For smaller input datasets of up to 1-2 million records, users can link data in Python on their laptop using the DuckDB backend. This is the recommended approach because the DuckDB backend is installed automatically when the user installs Splink using pip install splink
. No additional configuration is needed.
Linking larger datasets requires highly computationally intensive calculations, and generates datasets which are too large to be processed on a standard laptop. For these scenarios, we recommend using one of Splink's big data backend - currently Spark or AWS Athena. When these backends are used, the SQL generated by Splink is sent to the chosen backend for execution.
The Splink code you write is almost identical between backends, so it's straightforward to migrate between backends. Often, it's a good idea to start working using DuckDB on a sample of data, because it will produce results very quickly. When you're comfortable with your model, you may wish to migrate to a big data backend to estimate/predict on the full dataset.
Choosing a backend¶
Import the linker from the backend of your choosing, and the backend-specific comparison libraries.
Once you have initialised the linker
object, there is no difference in the subequent code between backends.
Note however, that not all comparison functions are available in all backends.

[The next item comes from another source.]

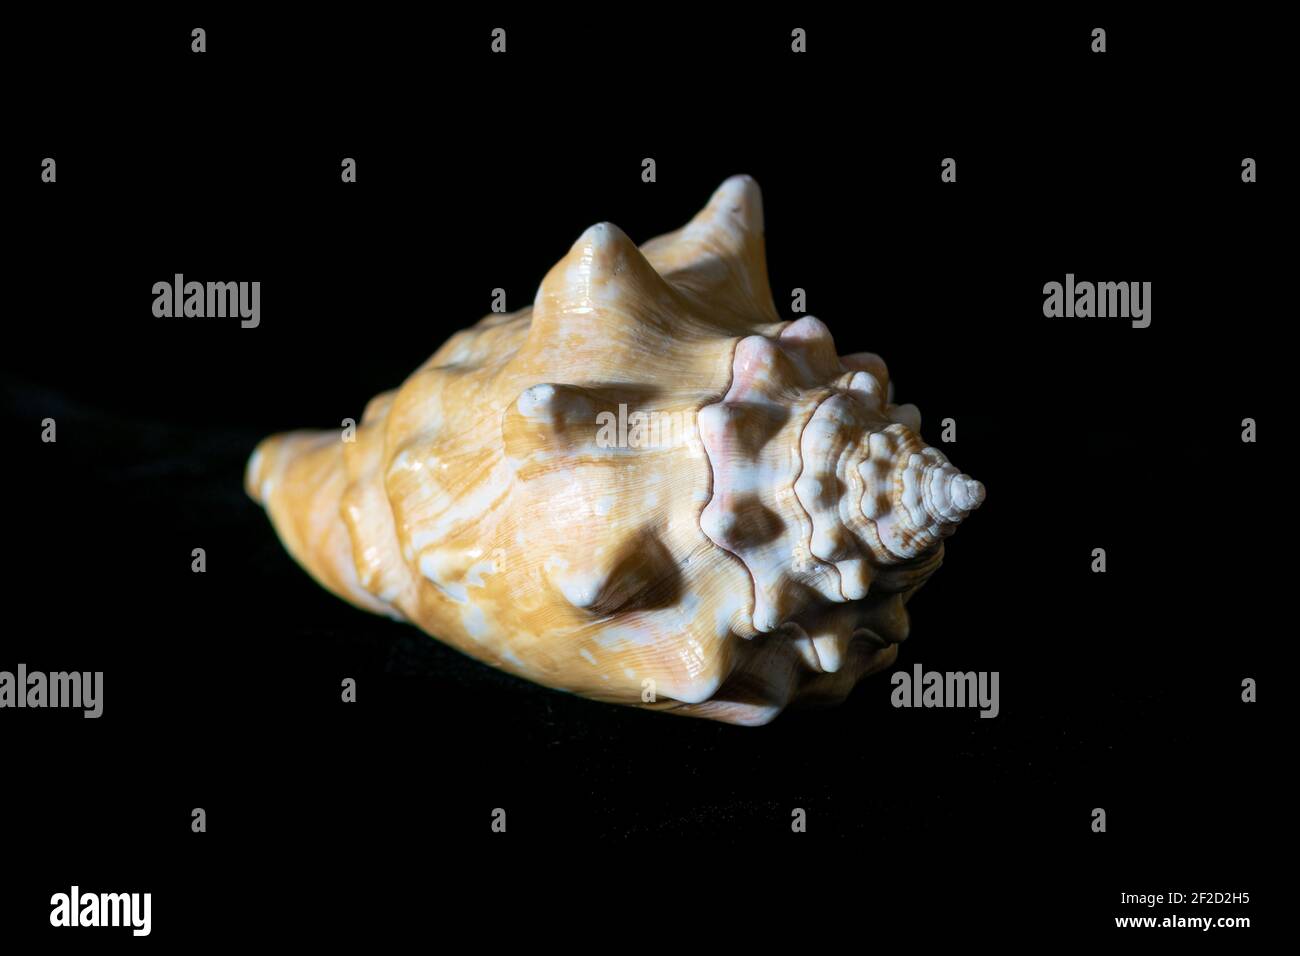 Strombus latus (Gmelin, 1791)  collected on beach at Sal, Santa Maria, Cape Verde Islands, shell from ocean snail on black background Stock Photo

There are tables detailing the available functions for each backend on the comparison library API page and the comparison level library API page.
from splink.duckdb.duckdb_linker import DuckDBLinker
import splink.duckdb.duckdb_comparison_library as cl
import splink.duckdb.duckdb_comparison_level_library as cll
linker = DuckDBLinker(your_args)
from splink.spark.spark_linker import SparkLinker
import splink.spark.spark_comparison_library as cl
import splink.spark.spark_comparison_level_library as cll
linker = SparkLinker(your_args)
from splink.athena.athena_linker import AthenaLinker
import splink.athena.athena_comparison_library as cl
import splink.athena.athena_comparison_level_library as cll
linker = AthenaLinker(your_args)
from splink.sqlite.sqlite_linker import SQLiteLinker
import splink.sqlite.sqlite_comparison_library as cl
import splink.sqlite.sqlite_comparison_level_library as cll
linker = SQLiteLinker(your_args)